While many countries monitor national enrolment rates in early childhood education [5], few track the status of children’s early development. Measuring progress toward SDG 4.2 calls for population monitoring of children’s early health and development outcomes. Indeed, child development contributes to a number of SDG targets, including those related to health, gender equity, and poverty reduction, and thus global monitoring of children’s early development is key to supporting progress toward the broader Sustainable Development Agenda [6]. Faced with limitations in terms of the measurement instruments available as well as the resources and capacity required to implement such monitoring systems, tracking children’s health and development in low and middle income countries will be a challenge. In this, however, lies an important opportunity to promote and address the current obstacles associated with measuring children’s early development.

A call for new measurement solutions

Measurement of children’s development is influenced by culture, language, and theory. What are considered important aspects of and appropriate goals for children’s development, as well as what are deemed suitable assessment techniques to capture this information, can vary considerably across cultures and contexts [7,8,9]. Consequently, although tools need to capture aspects of child development that are important to outcomes throughout the life course, they should also be aligned with local culture and early learning and development frameworks, so that they not only accurately reflect children’s capabilities, but also produce information relevant to local policy and practice [1, 8].

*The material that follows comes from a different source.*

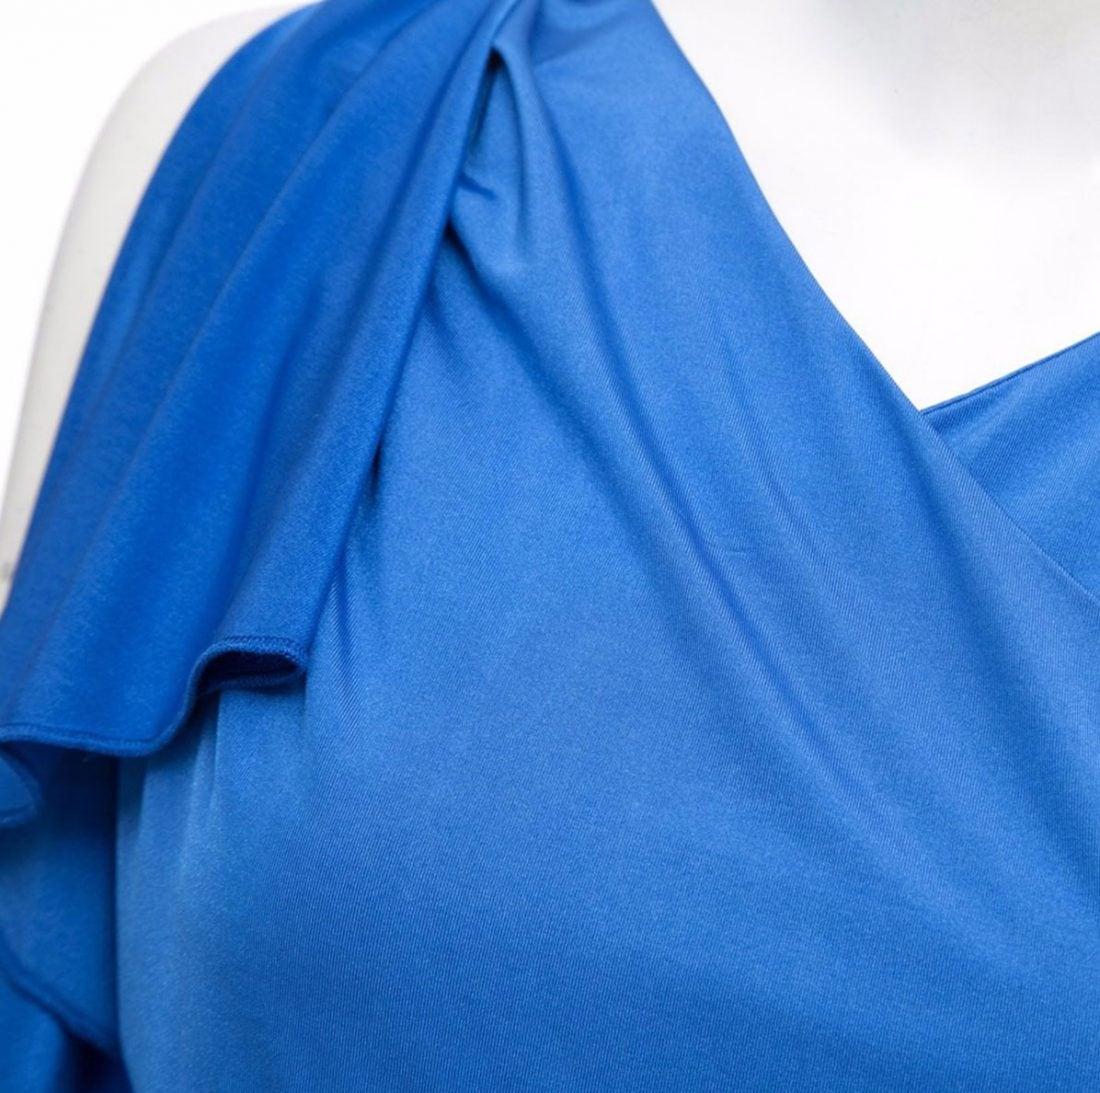 M0188 blue4 Short Sleeve Dresses maureens.com boutique

A number of measurement initiatives are currently underway to monitor children’s early development at national, regional, and global levels. Some examples include the Early Development Instrument (EDI), the Early Childhood Development Index (ECDI), the Caregiver Reported Early Development Instrument (CREDI), the International Development and Early Learning Assessment (IDELA), the East Asia-Pacific Early Chid Development Scales (EAP-ECDS), the Malawi Developmental Assessment Tool (MDAT), the Measurement of Development and Early Learning (MODEL), and the Regional Project on Child Development Indicators (PRIDI) [3]. Various characteristics of the instruments in use however, including the cost of licensing fees, the level of enumerator training required prior to administration, the time they take to administer, how they are administered, and their applicability and adaptability within different contexts, constitute considerable barriers to their utilization. This is especially the case in contexts where resources and capacity are limited. To overcome these challenges, international leaders in early childhood have called for a more pragmatic and reliable solution to measuring children’s early development in low and middle income countries in particular. It was against this background that the eHCI was developed.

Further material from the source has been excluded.